Final Answer:
Reject the null hypothesis if the calculated value of the test statistic is less than 108.51 or greater than 133.49; otherwise, do not reject the null hypothesis.
Step-by-step explanation:
In hypothesis testing, the critical value(s) help determine when to reject the null hypothesis. The decision rule is established based on the significance level (alpha), which is 0.1 in this case, indicating a two-tailed test. Since alpha is divided equally between the two tails (0.1/2 = 0.05), we find the critical values corresponding to a cumulative probability of 0.05 in both tails of the distribution.
Using a standard normal distribution table or a statistical software, we find the critical z-values associated with a cumulative probability of 0.025 in each tail, resulting in critical values of approximately -1.65 and 1.65.

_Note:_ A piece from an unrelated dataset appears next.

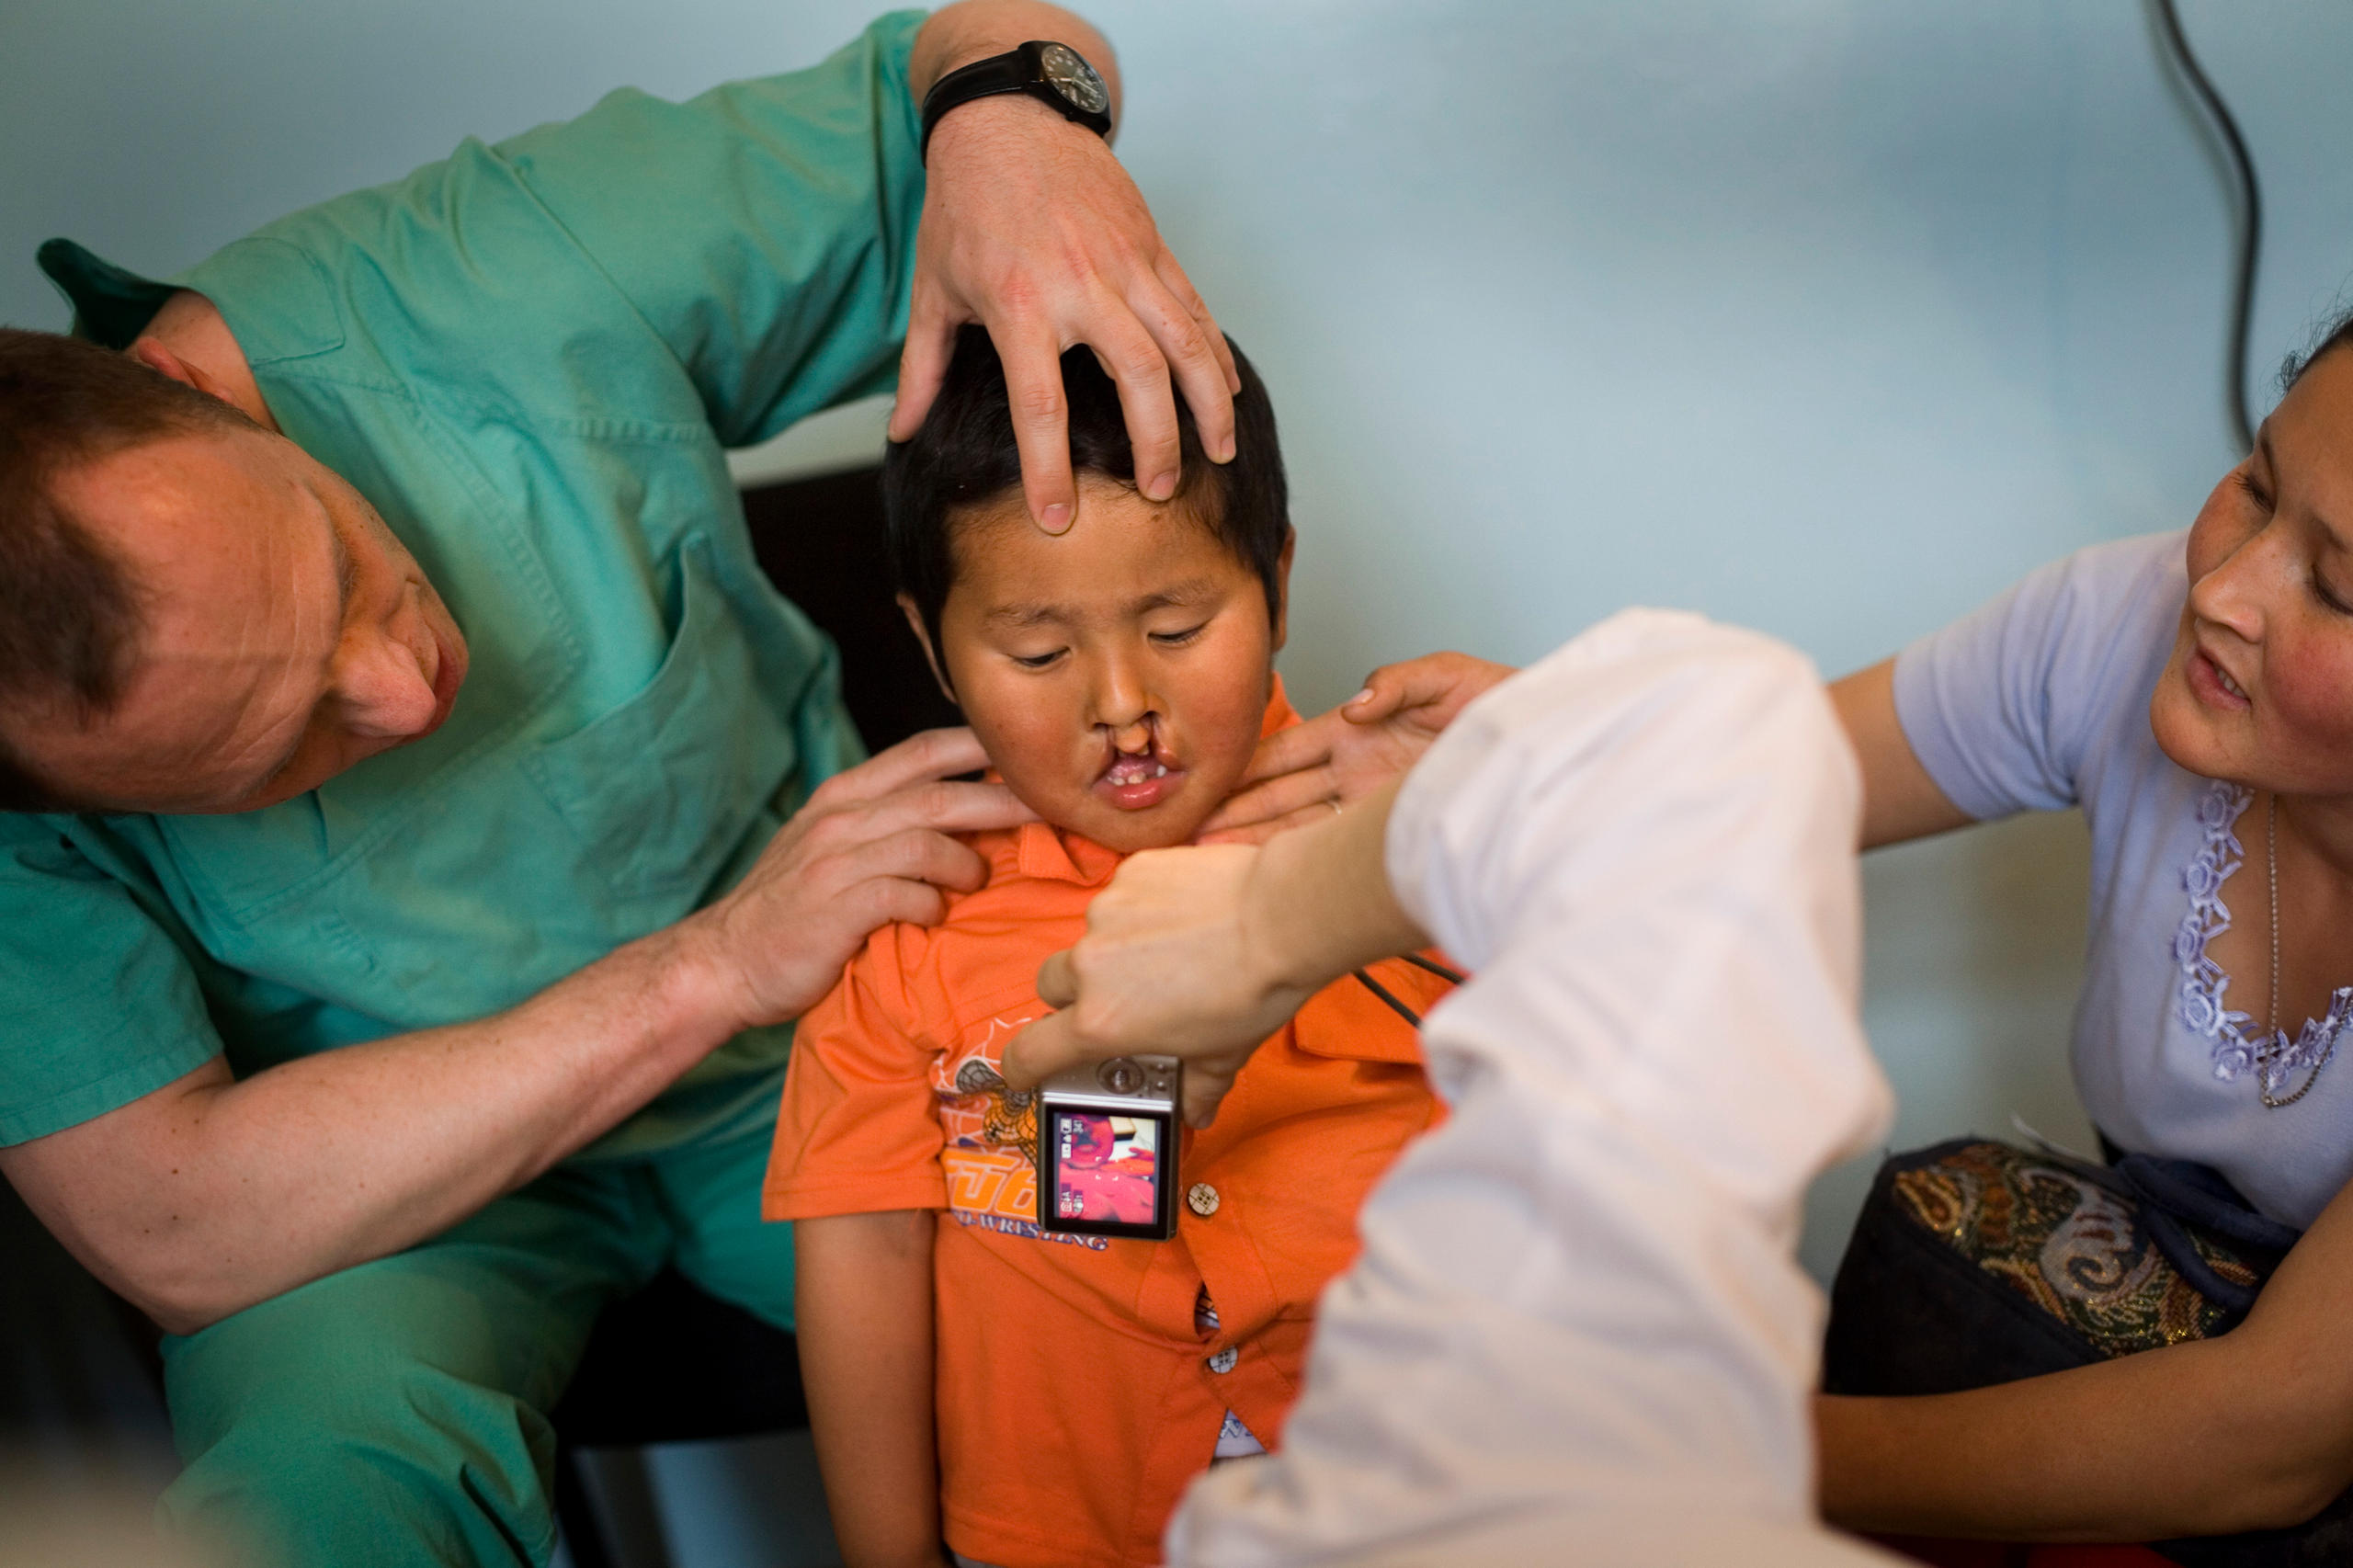 Epuipe médicale autour d un enfant avec un bec-de-lièvre

To translate these critical values into the context of the test statistic, we use the formula: Critical Value = Mean of the Null Hypothesis (μ) ± (Z-Score for alpha/2 * Standard Deviation of the Population). Plugging in the given values (μ = 121, Z = 1.65, σ = 27), we calculate critical values of 133.49 and 108.51.
Therefore, the decision rule is to reject the null hypothesis if the calculated test statistic falls outside this range, indicating that the sample mean is significantly different from the hypothesized population mean. If the test statistic falls within this range, we do not have sufficient evidence to reject the null hypothesis.